Assista ao episódio completo no nosso canal do Youtube

O mercado de meios de pagamento vive uma transformação acelerada no Brasil. Pix, Open Finance, novas regras do Banco Central e a digitalização do varejo mudaram o jogo. Em meio a esse cenário competitivo, a Ceopag avança em ritmo próprio. Segundo seu fundador, Kawel Lotti, a companhia cresce acima de 5% ao mês e prepara uma nova ofensiva focada em regiões menos atendidas pelo sistema bancário tradicional.

A estratégia da empresa mira um espaço deixado pelo fechamento de agências físicas em cidades menores e áreas afastadas dos grandes centros.
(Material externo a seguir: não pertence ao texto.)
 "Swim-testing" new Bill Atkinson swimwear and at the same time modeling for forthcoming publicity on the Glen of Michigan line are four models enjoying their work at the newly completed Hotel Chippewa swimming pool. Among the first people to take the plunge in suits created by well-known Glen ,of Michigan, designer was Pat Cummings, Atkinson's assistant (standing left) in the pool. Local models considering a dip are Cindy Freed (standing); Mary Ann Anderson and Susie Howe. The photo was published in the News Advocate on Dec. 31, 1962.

A proposta é transformar maquininhas em hubs de serviços financeiros e utilidades.

“Nós queremos e vamos lançar uma aplicação que oferece mais de 80% de uma agência bancária numa máquina para um lojista”, afirmou Kawel Lotti, CEO da empresa.

Hoje, a operação reúne 97 colaboradores, mais de 700 unidades franqueadas e 420 operações white label, modelo em que outras marcas utilizam a infraestrutura tecnológica da companhia para oferecer soluções próprias ao mercado.
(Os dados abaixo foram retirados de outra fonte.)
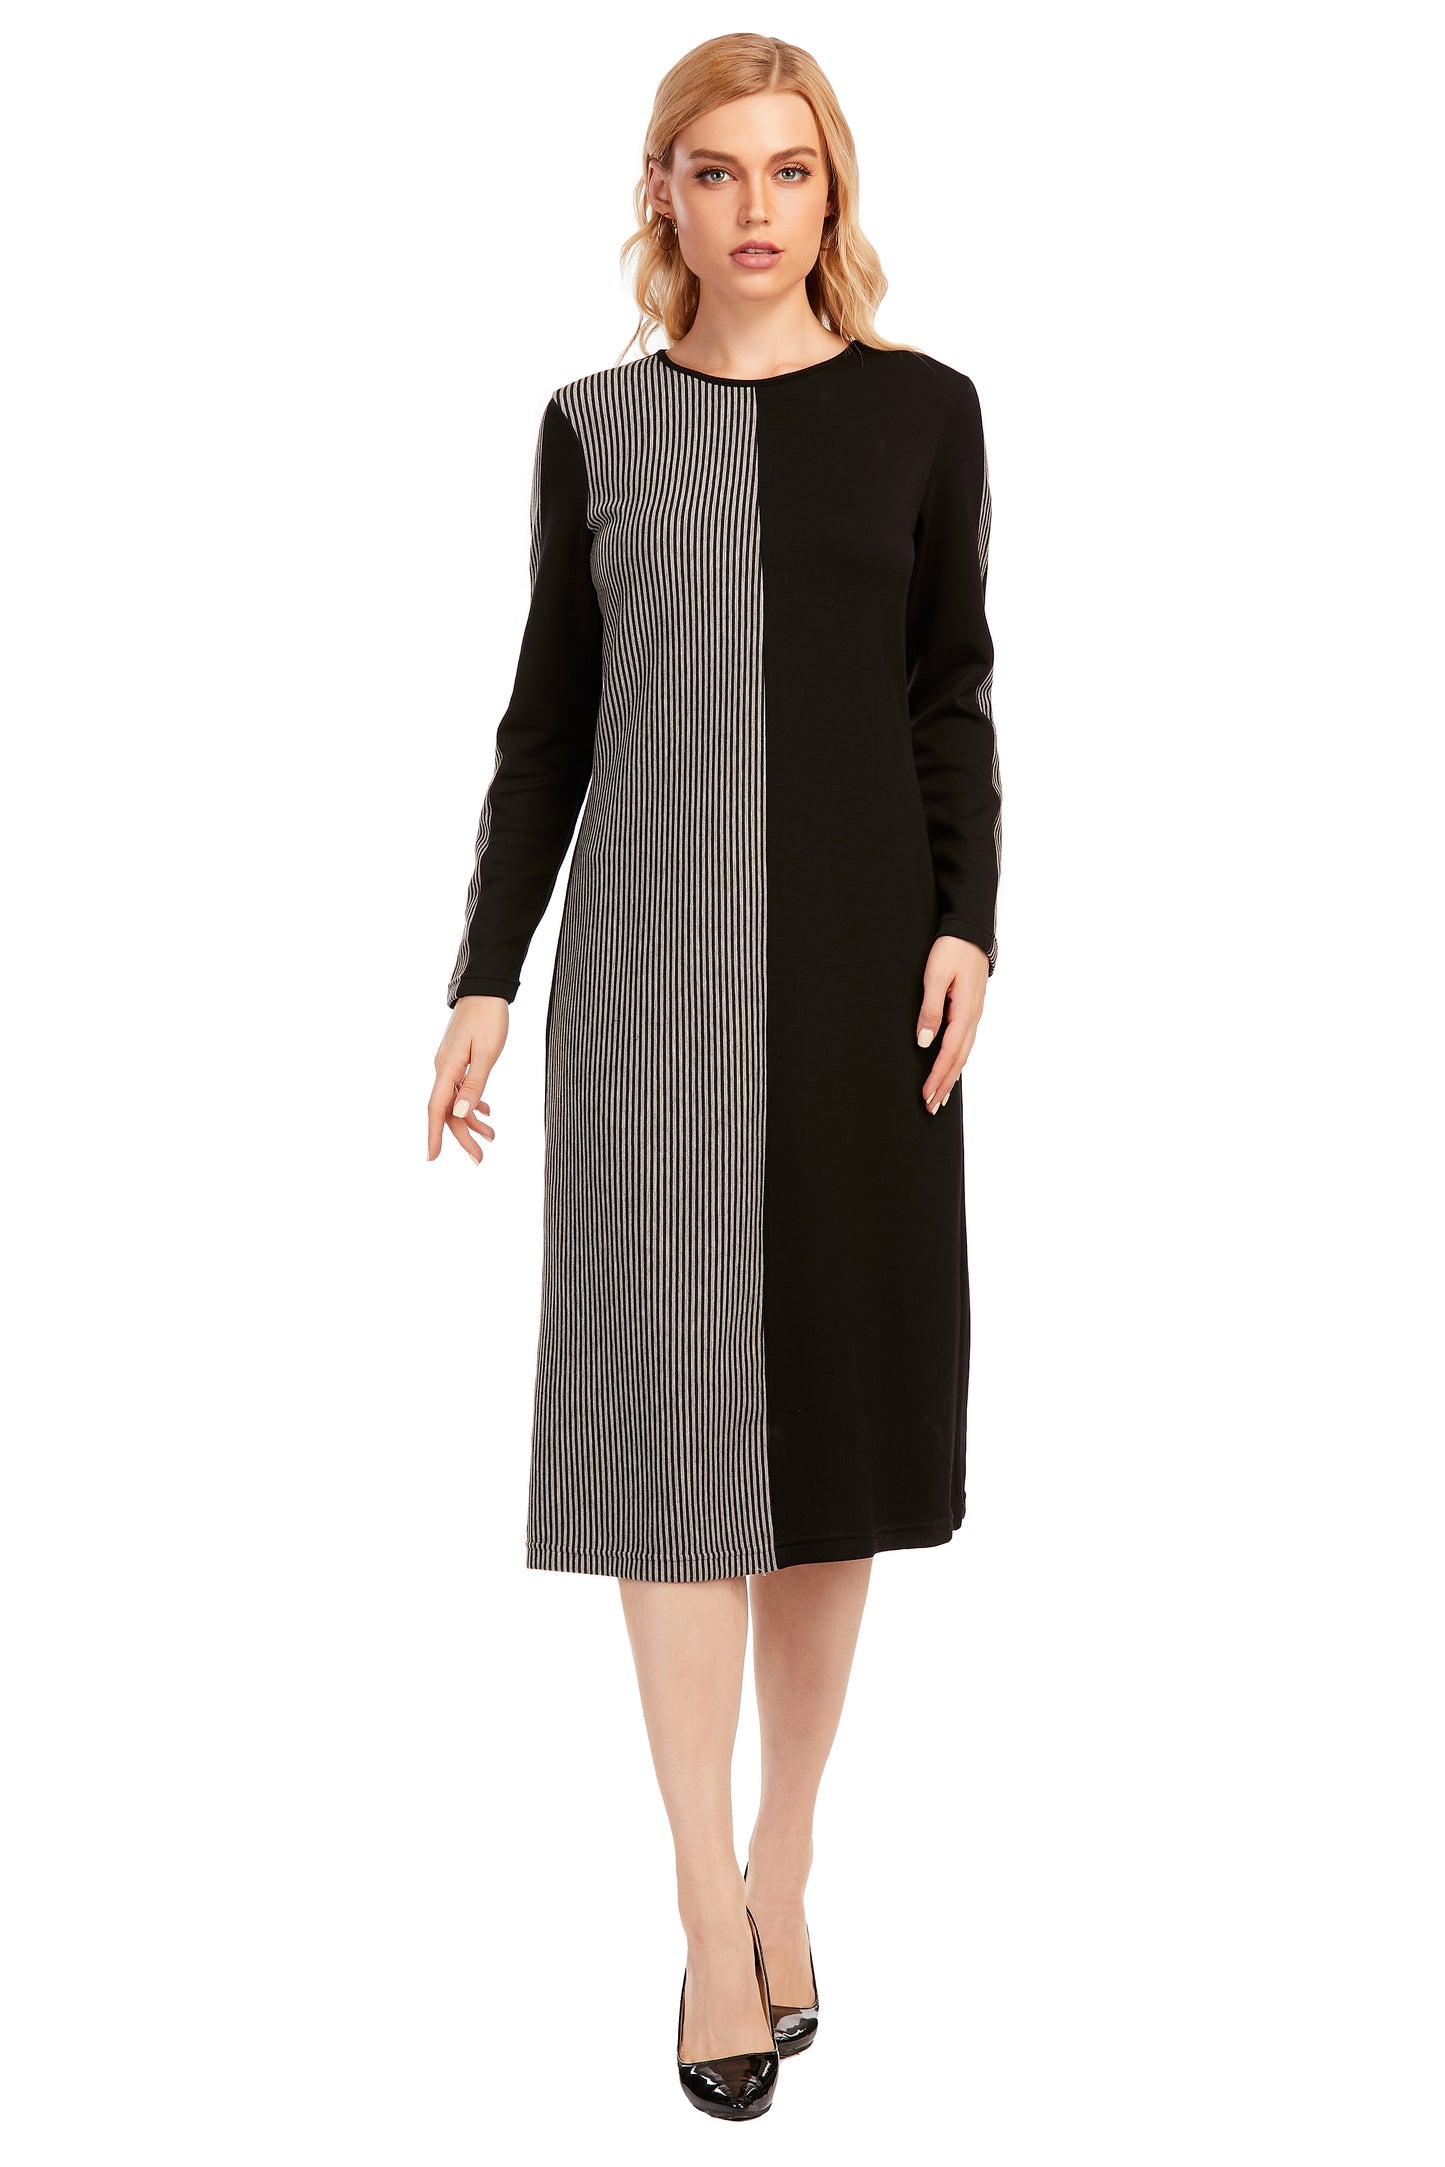 Striped & Solid Modest Knitted Long Sleeve Dress - alamaud

Lotti participou do programa Do Zero ao Topo. Neste episódio, que tem apoio de XP Empresas, o executivo fala como transformou crise em oportunidade, os bastidores do mercado de maquininhas, franquias e os próximos passos da empresa.

Leia também: “Já existe o ‘sabor’ chocolate. Daqui a pouco terá só o aroma”, diz fundador da Dengo

De maquininha a plataforma de serviços

A expansão da Ceopag passa por ampliar a rentabilidade dos lojistas parceiros. Em vez de vender apenas captura de pagamentos, a empresa quer embarcar novos produtos na base instalada.

“Já lançamos a telemedicina e o televeterinário direto na máquina. É uma forma de oferecer esse lojista uma solução de meios de pagamento”, disse o executivo.

Segundo ele, a lógica é simples. O comerciante deixa de ganhar apenas com vendas tradicionais e passa a participar de receitas recorrentes geradas dentro do ecossistema da plataforma.

“Se ele vende um plano de telemedicina no interior do Maranhão, a pessoa compra, paga, recebe um login no WhatsApp e pode consultar na hora, 24 horas por dia, 7 dias por semana, consultas ilimitadas, com apenas um custo pequeno, como se fosse o Netflix da saúde”, revela.

Na prática, a maquininha deixa de ser apenas um hardware transacional e passa a operar como marketplace de serviços financeiros e digitais. A tese ganha relevância principalmente em cidades onde a presença bancária diminuiu e o varejo local segue como ponto central da economia.

Além da frente comercial, a empresa também reforça a estrutura regulatória e de governança. “A gente tá hoje numa fase constante de crescimento comercial, mas também de adaptação a tudo aquilo que se espera de uma fintech, de uma empresa séria, que tem boa governança corporativa”, afirmou Kawel.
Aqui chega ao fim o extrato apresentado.